PROBLEM TO SOLVE. The lines to transcribe begin with the one containing "Vertafore Data Breach" and end with the last line below; reproduce them exactly, without the pictures.

Items from a dataset:
○ ○ ○ ○ ○
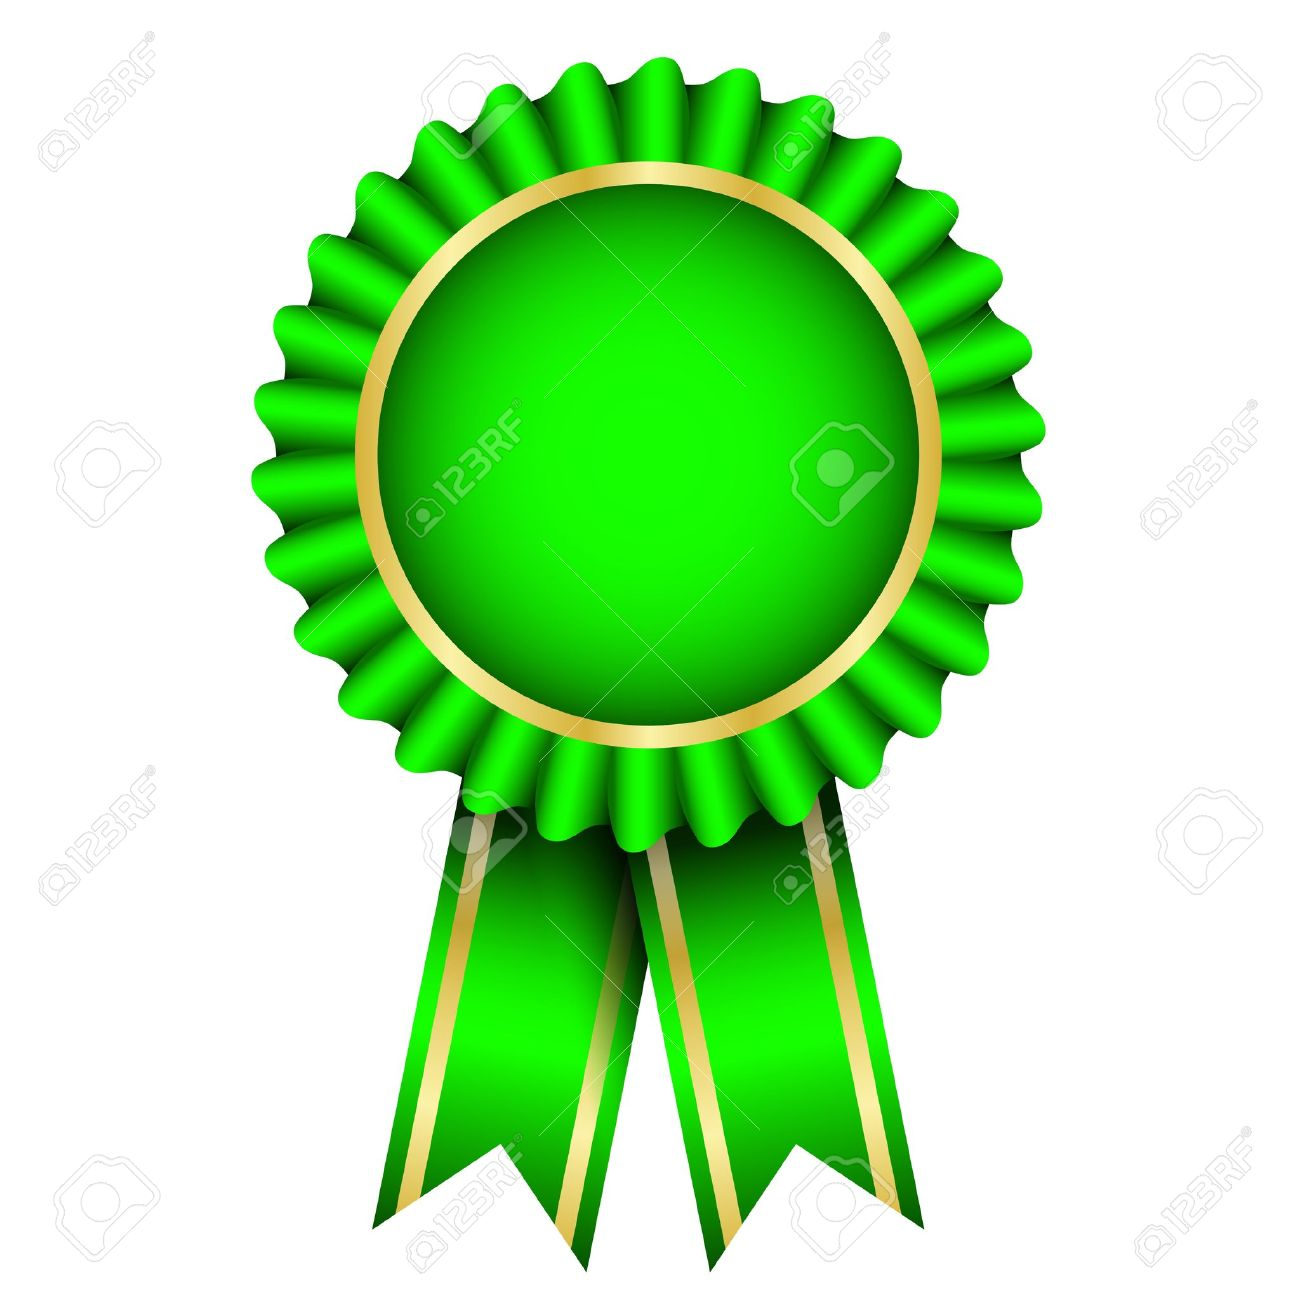 788 Award Ribbon free clipart.
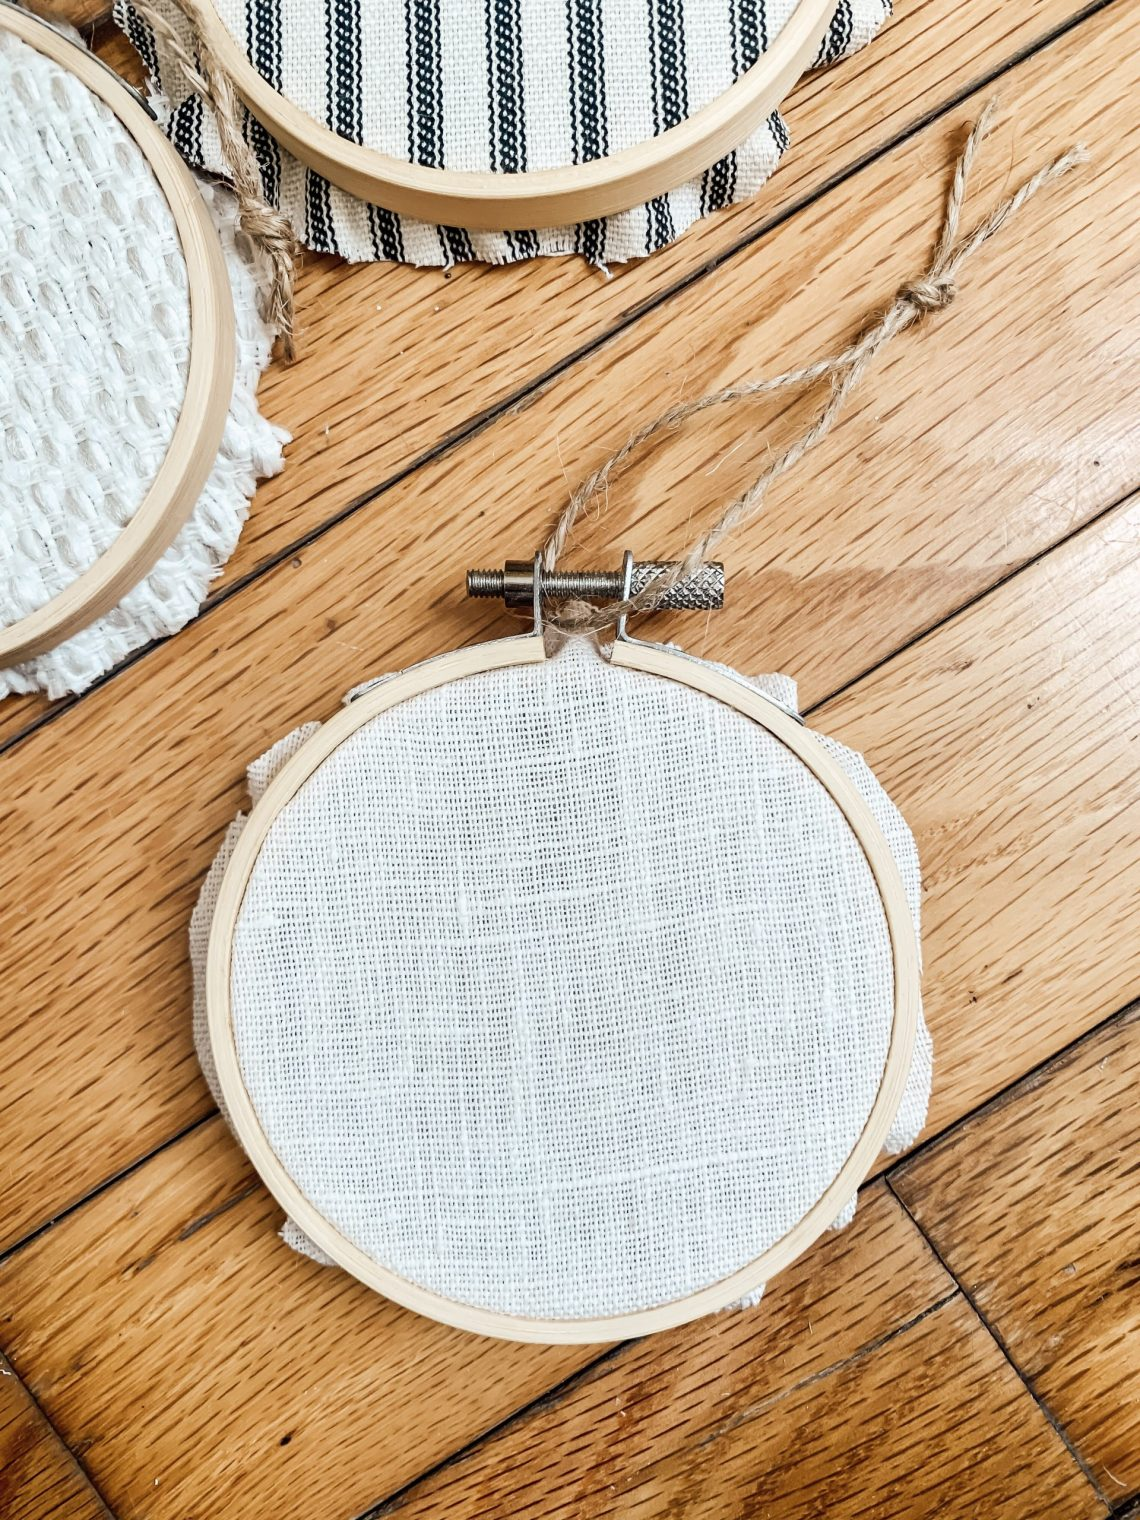 Easy Handmade Embroidery Hoop Ornaments
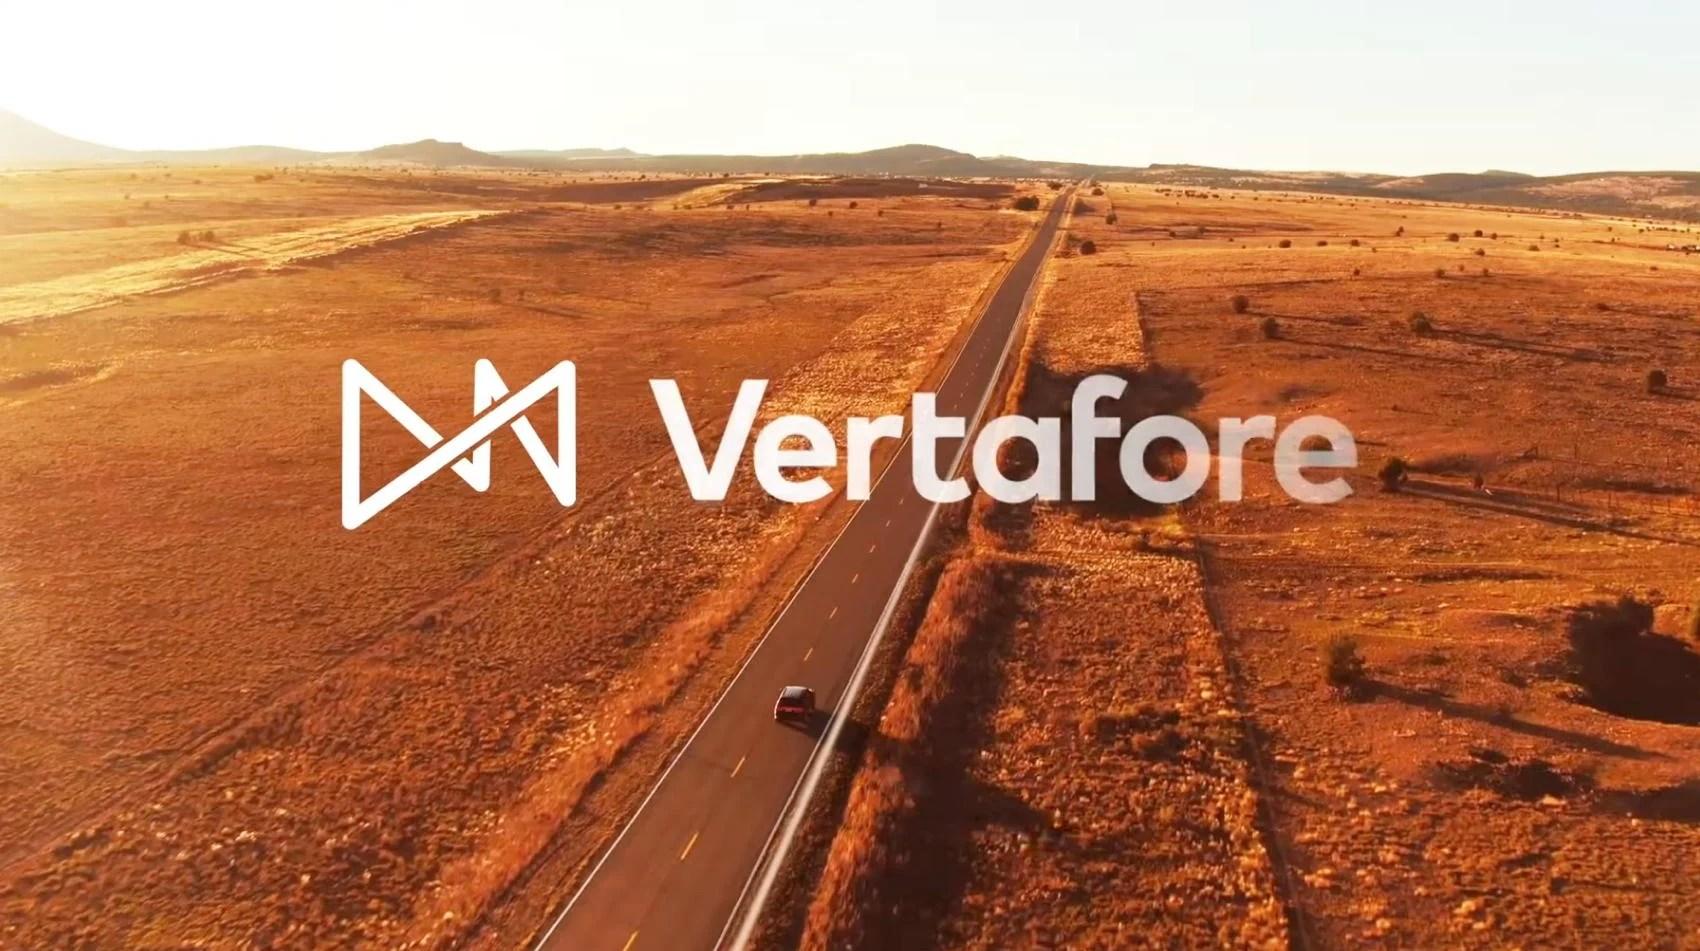 Vertafore Data Breach Exposed 28 Million Texas Driver's License Records
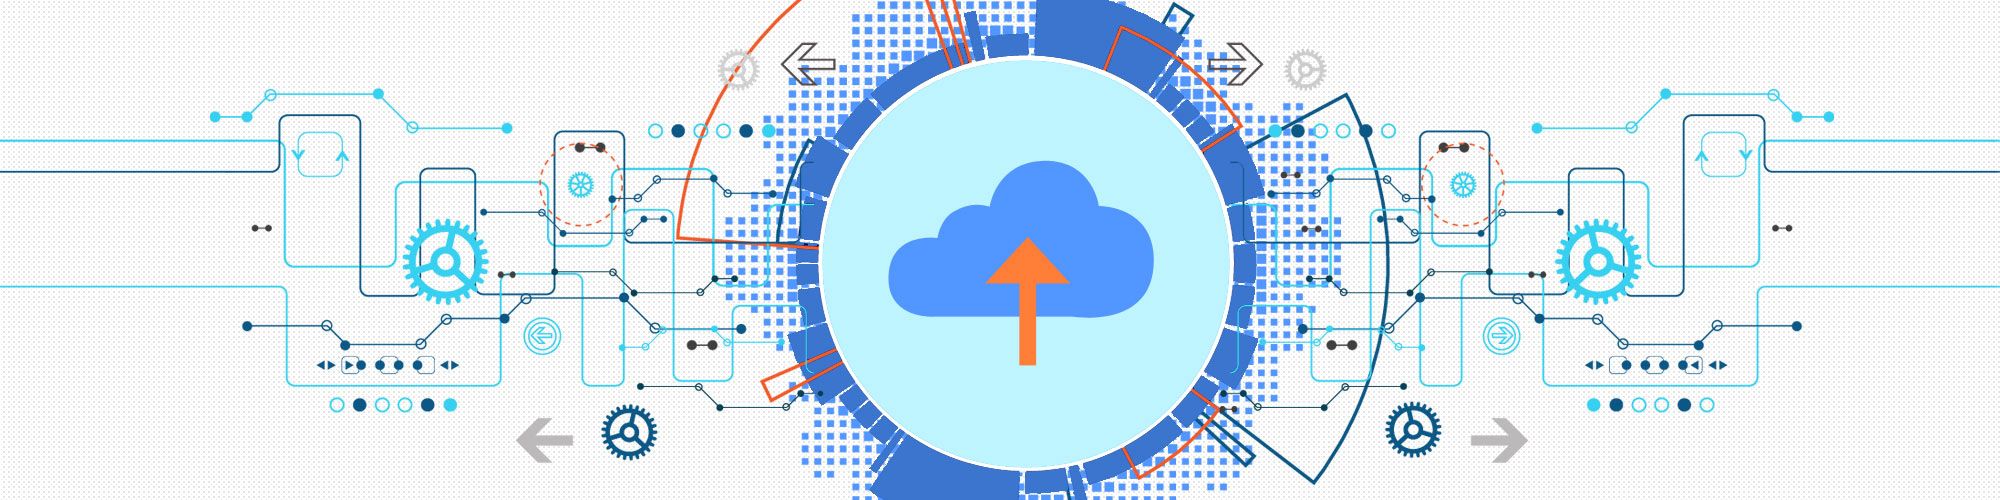 Cloud Storage | Core Facility Management Software | Facility
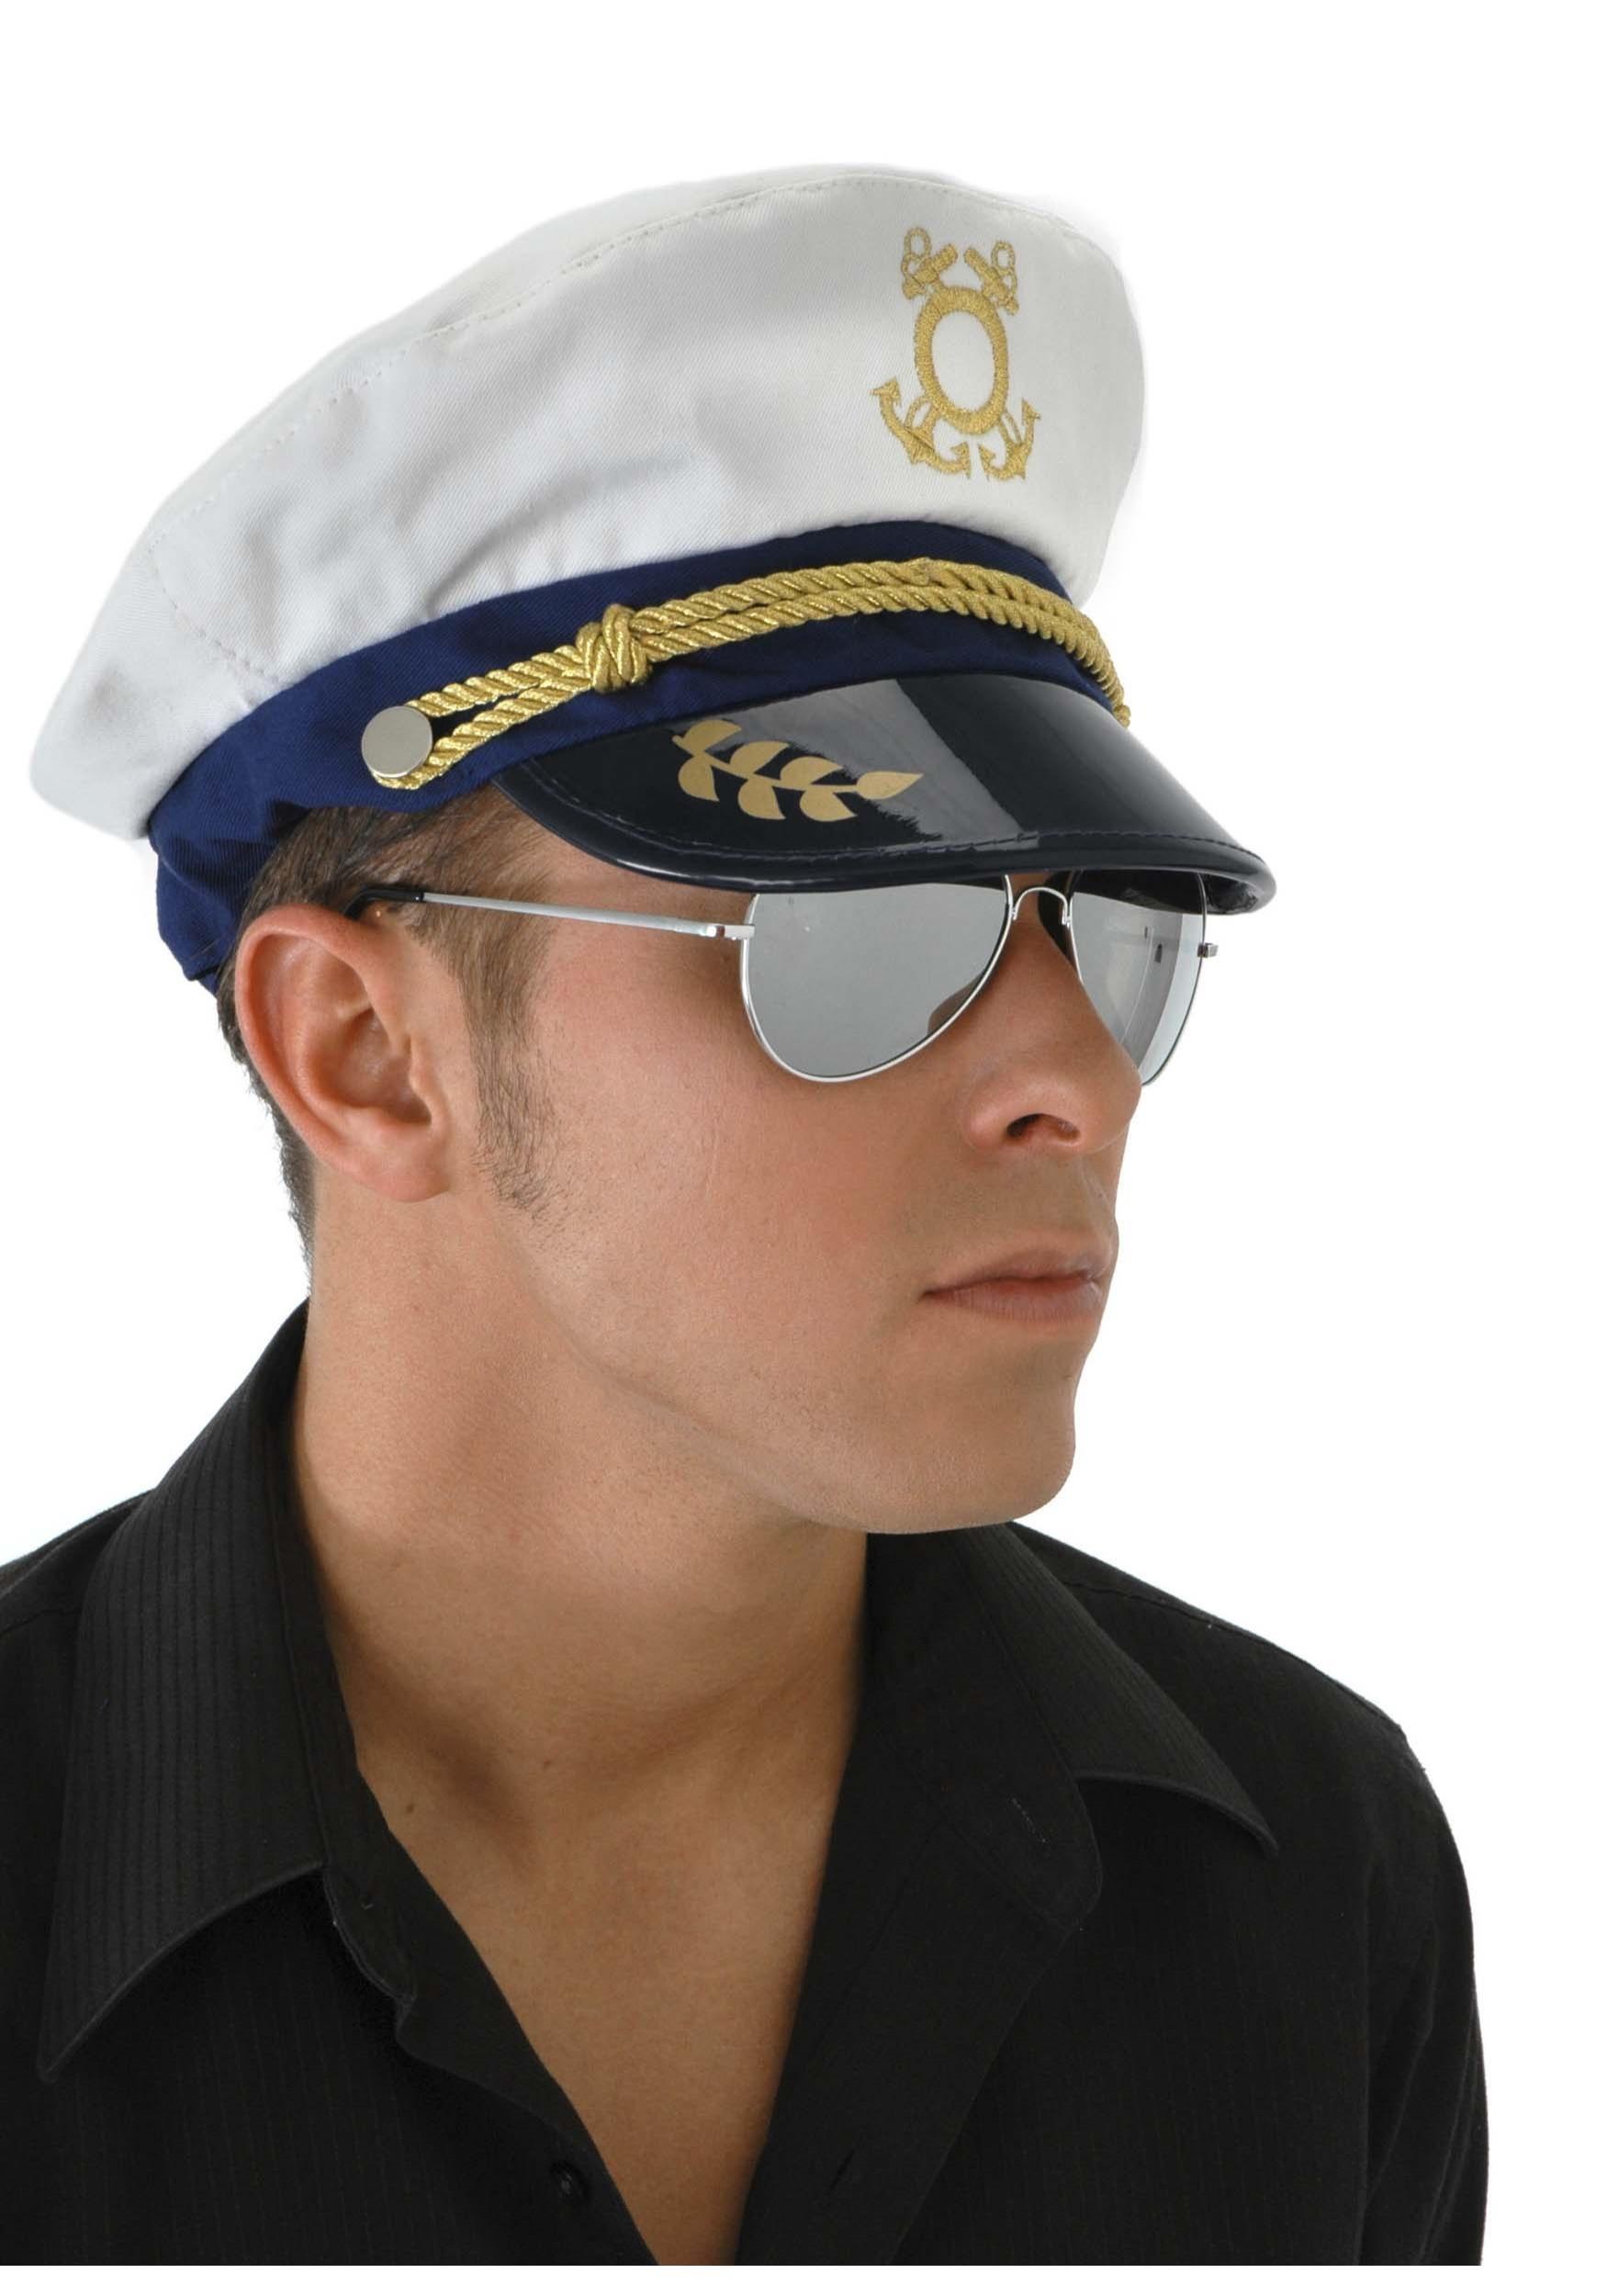 Mens Sailor Captain Hat2 1c7e80bda5
○ ○ ○ ○ ○
ANSWER TO THE PROBLEM.
 Vertafore Data Breach Exposed 28 Million Texas Driver's License Records
 Cloud Storage | Core Facility Management Software | Facility
 Mens Sailor Captain Hat2 1c7e80bda5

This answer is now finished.